Norton Symantec folds, then hides

Norton removes AVFM from list of hate sites, and perhaps others, just as much longer list of banned sites surfaces.

It appears that Norton Symantec has removed A Voice for Men, and perhaps a dozen other websites from a DNS registry list of “known hate sites” after a media inquiry left them with some uncomfortable questions about their practices.

John Leyden of theregister.co.uk conducted an investigation of Norton Symantec’s listing of A Voice for Men and other MHRM sites after getting complaints about the actions from our fellow activists at MRALondon.org.

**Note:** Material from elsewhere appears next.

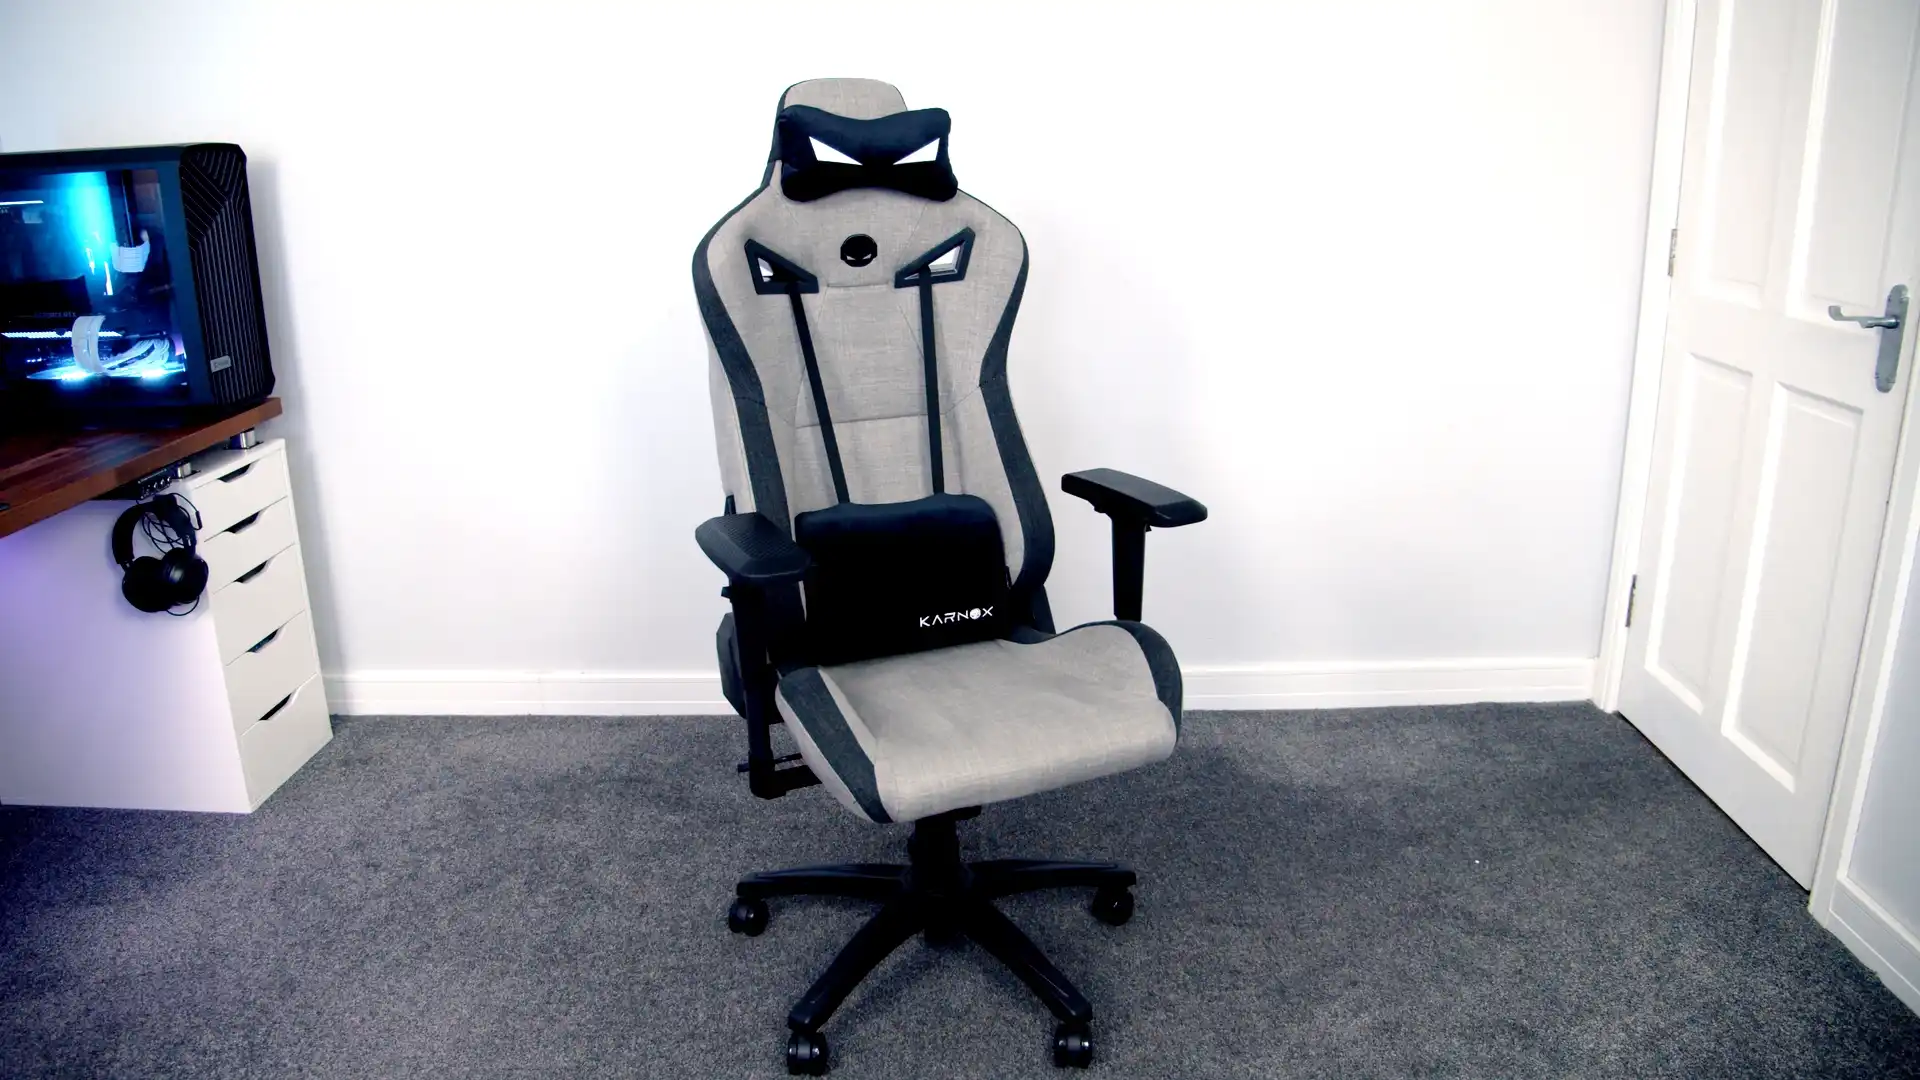 Karnox Gaming Chair Features

It appears Symantec acted quickly to remove the block. The matter was also investigated by Simon Edwards, technical director at Dennis Technology Labs and chairman of the Anti-Malware Testing Standards Organization. Edwards, an experienced antivirus tester, set up Norton DNS and determined that it “”[L]ooks like Symantec has updated its records”.

As reported by Leyden, “The screenshot posted by avoiceformen.com makes it clear that it was Symantec’s DNS system that was labeling its site as a “hate group”. 

So while it appears that the security software manufacturer has relented and removed A Voice for Men from the defamatory DNS listing, there are still unanswered questions about how it happened in the first place. It also appears that Symantec is making little effort to explain anything to the sites affected or to the Norton customers who have demanded answers. Company representatives now seem intent on acting as though the banning never happened.

Early in the investigation, before the Register became involved, a concern about the DNS listing was brought up by a Norton Symantec user in their customer forum. That individual posted a complete list of the sites that were known to be banned, and followed that with a request:


Please fix this issue ASAP It would also be appreciated if you could find out who exactly was responsible for falsely categorizing such a large number of sites on this topic, such censorship is very disturbing indeed.

That request we met, after it was revealed that the blacklisting had become a very active discussion on Reddit, with an initial response by forum administrator and Norton Symantec employee Tim Lopez, who stated the following:


I posted in the Reddit thread directing people to this forum thread so that these forums can be utilized as the source of the most recent information on this topic.

Just to let you know, we’re investigating this right now and looking in to the reasons for these categorization. 

I’ll provide an update as soon as I have more information!


Tim Lopez
Norton Forums Administrator
Symantec Corporation

Lopez later promised to have an update on the matter available the next day. To my knowledge, no such update has been provided.

Gee, list of hate sites? What list of hate sites?

I think it can be safely assumed that Symantec is now just holding its breath, hoping that this will go away, without any public concern over why the company put itself in the position of censoring their customer’s access to differing political views.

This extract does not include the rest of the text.